Portland, Oregon, and Lewiston, Idaho? Maybe if you drive really fast!


Thanks, bobbyp.

Oh, bobbyp, don't be so provincial. ;-)

My father's parents were both widowed by the 1918-9 flu epidemic in London. Then they got together and the result is this post, among other things.

God moves in a mysterious way...

It's interesting that at least in my anecdatal experience, the 1918 flu was kind of lost in people's memories. Maybe they never got a handle on it in the shadow of the war, and/or just wanted to forget that it had ever happened.

All my grandparents lived through it, but no one ever mentioned it in their reminiscences. My grandfather who fought in WWI died in 1926, and my grandma talked about him a lot, and her pride in him, but never once mentioned the epidemic.

I asked my mom about this a few weeks before she died, when she was still coherent enough to talk about the current situation, which had a huge impact on her -- until her last couple of days, she went for six very difficult weeks with no family visitors allowed in the nursing home. She said she did remember her mother talking about the flu. But she herself was fading so much by then that I didn't get much detail from her.

I don't think George Bernard Shaw mentions it once in the fat volumes of letters I have of his. Or in any of the prefaces.

Here's a twitter thread about this topic that I bookmarked a couple of weeks ago. Fascinating stuff. (lj, sorry, this isn't directly the science. Is history a science? ;-)

Maybe they never got a handle on it in the shadow of the war, and/or just wanted to forget that it had ever happened.

I have more to learn (obviously) and these are questions I wish I had known enough to ask my grandmothers. I didn't know either of my grandfathers, both of whom lived through the pandemic, and both of whom died of other causes (which may have been preventable or curable if they were in the same shape today).

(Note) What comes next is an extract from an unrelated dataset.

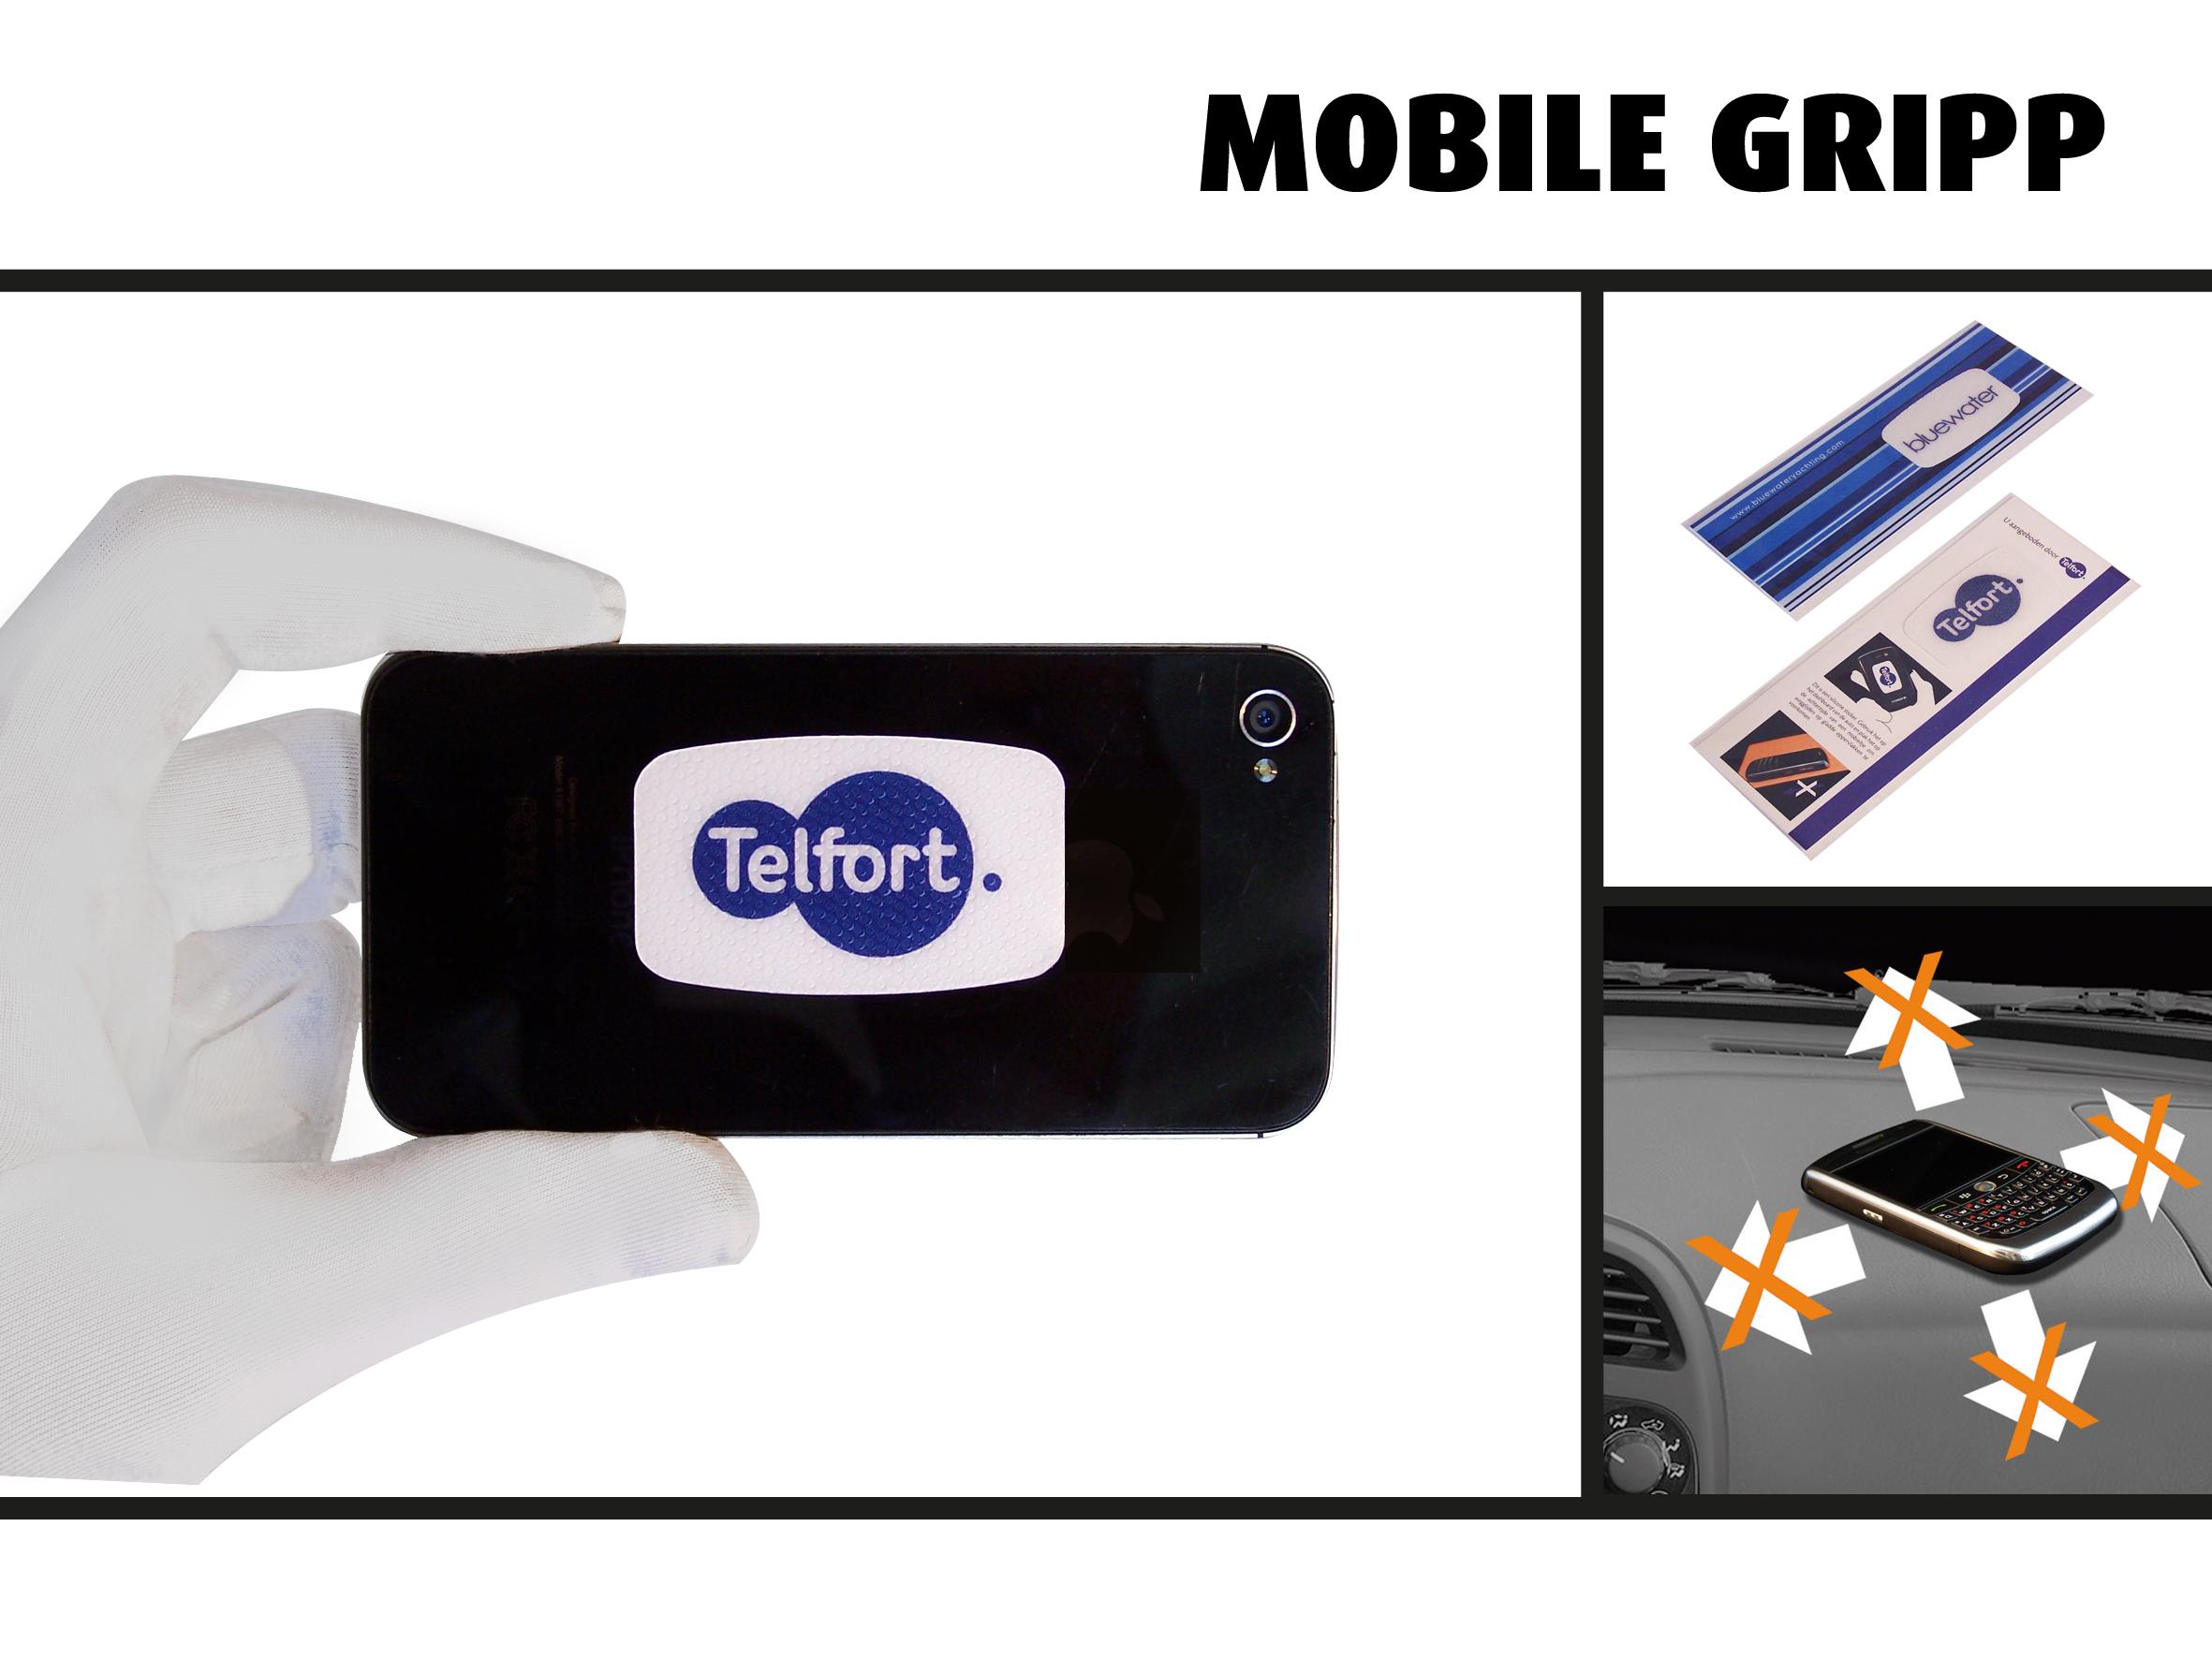 MOBILE GRIPP

The first half of the 20th century was a mortality s*it show throughout the world. There was WWI, there was influenza, there was revolution, there was WWII, there were Nazis, there were Bolsheviks, there was mass starvation (purposeful), the Nukes. There were horrors galore. In the US, there were the Jungle Book factories, the Triangle fire and similar stories, there was The Great Depression (including the Dust Bowl), the Red Scare, the World Wars, the flu, the factories, etc. Not to mention the Radium Girls, and such things. Our parents all wanted it to be better with the post-WWII new world order. And it was. Belief in science, technology, transportation, hands across the water, civil rights (struggle, but good will too), safety net, international cooperation. That post-War period is something my parents believed in with all their heart as being hard-won, and its something that prolonged lives until we have record numbers of nanogenarians.

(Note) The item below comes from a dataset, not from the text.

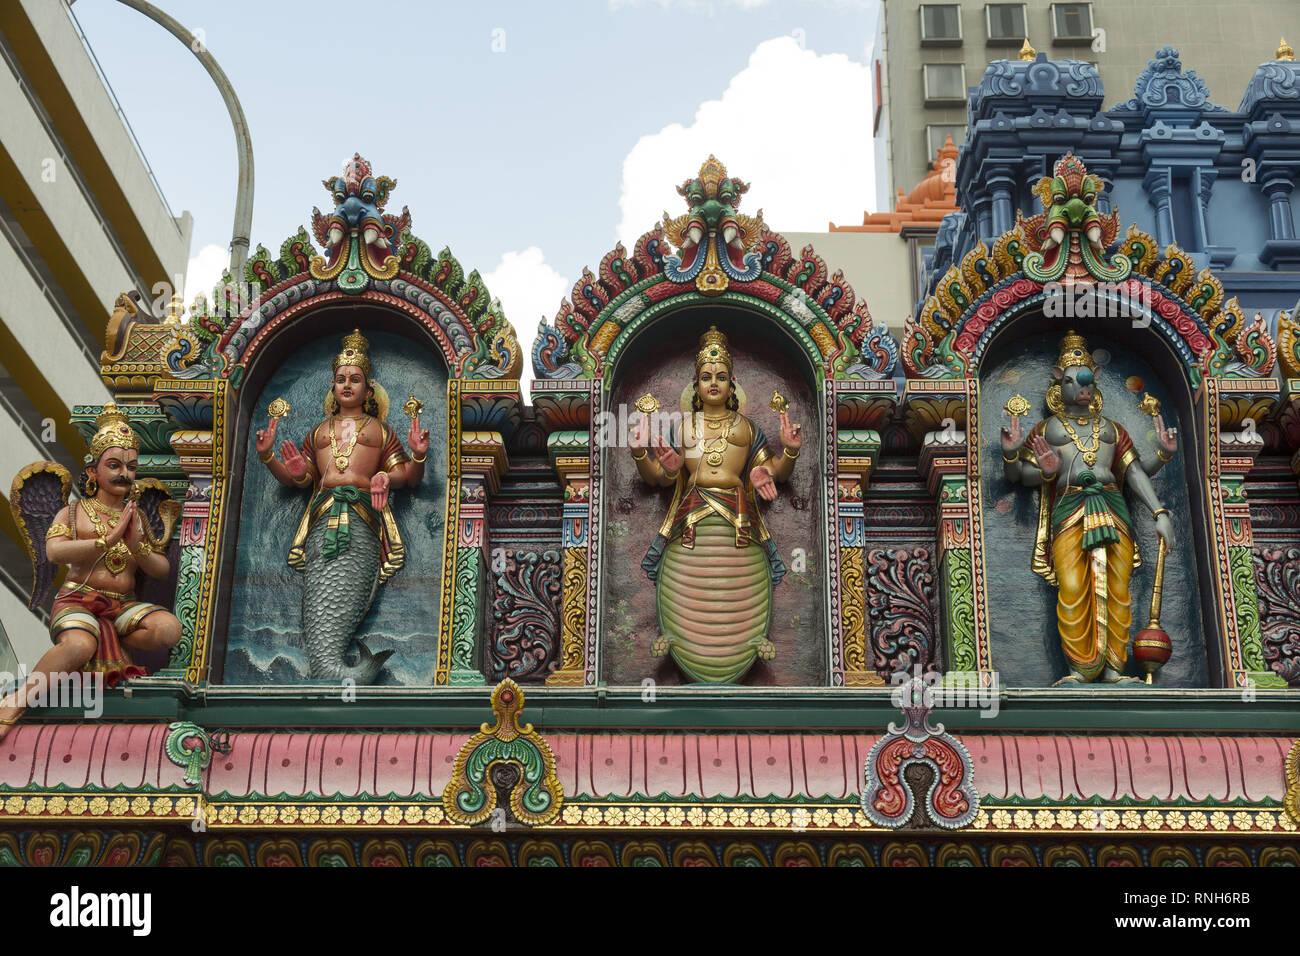 Hindu-Tempel in Singapur Stockfoto

Polio? My parents' generation worried about that big-time - sent kids elsewhere when an outbreak occurred. But there came about a vaccine for it. Scientific innovation, and careful public health led us into complacency. But not entirely - until a few years ago, people were planning for another scourge.

Vaccinations! Knowledge! Science!

I was about to say more, but that would be political. Somehow we got from 2016, when reason, science, and a plan for pandemics existed, to 2020, where it doesn't. Don't want to go further with this idea.

Janie, lit is fine!

I think it was LGM that observed that there was nothing much in the way of literature that came out of the 1919-20 Pandemic. They also mentioned going back to John Dos Passos 1919 (the second book of the USA trilogy) and, thanks to Michael Cain's comment, I'm thinking that Dos Passos' style in that book actually reflects the feel of the pandemic, even though he doesn't talk about it at length. The book is basically a pastiche, with different ways of narrating that jump from one to another.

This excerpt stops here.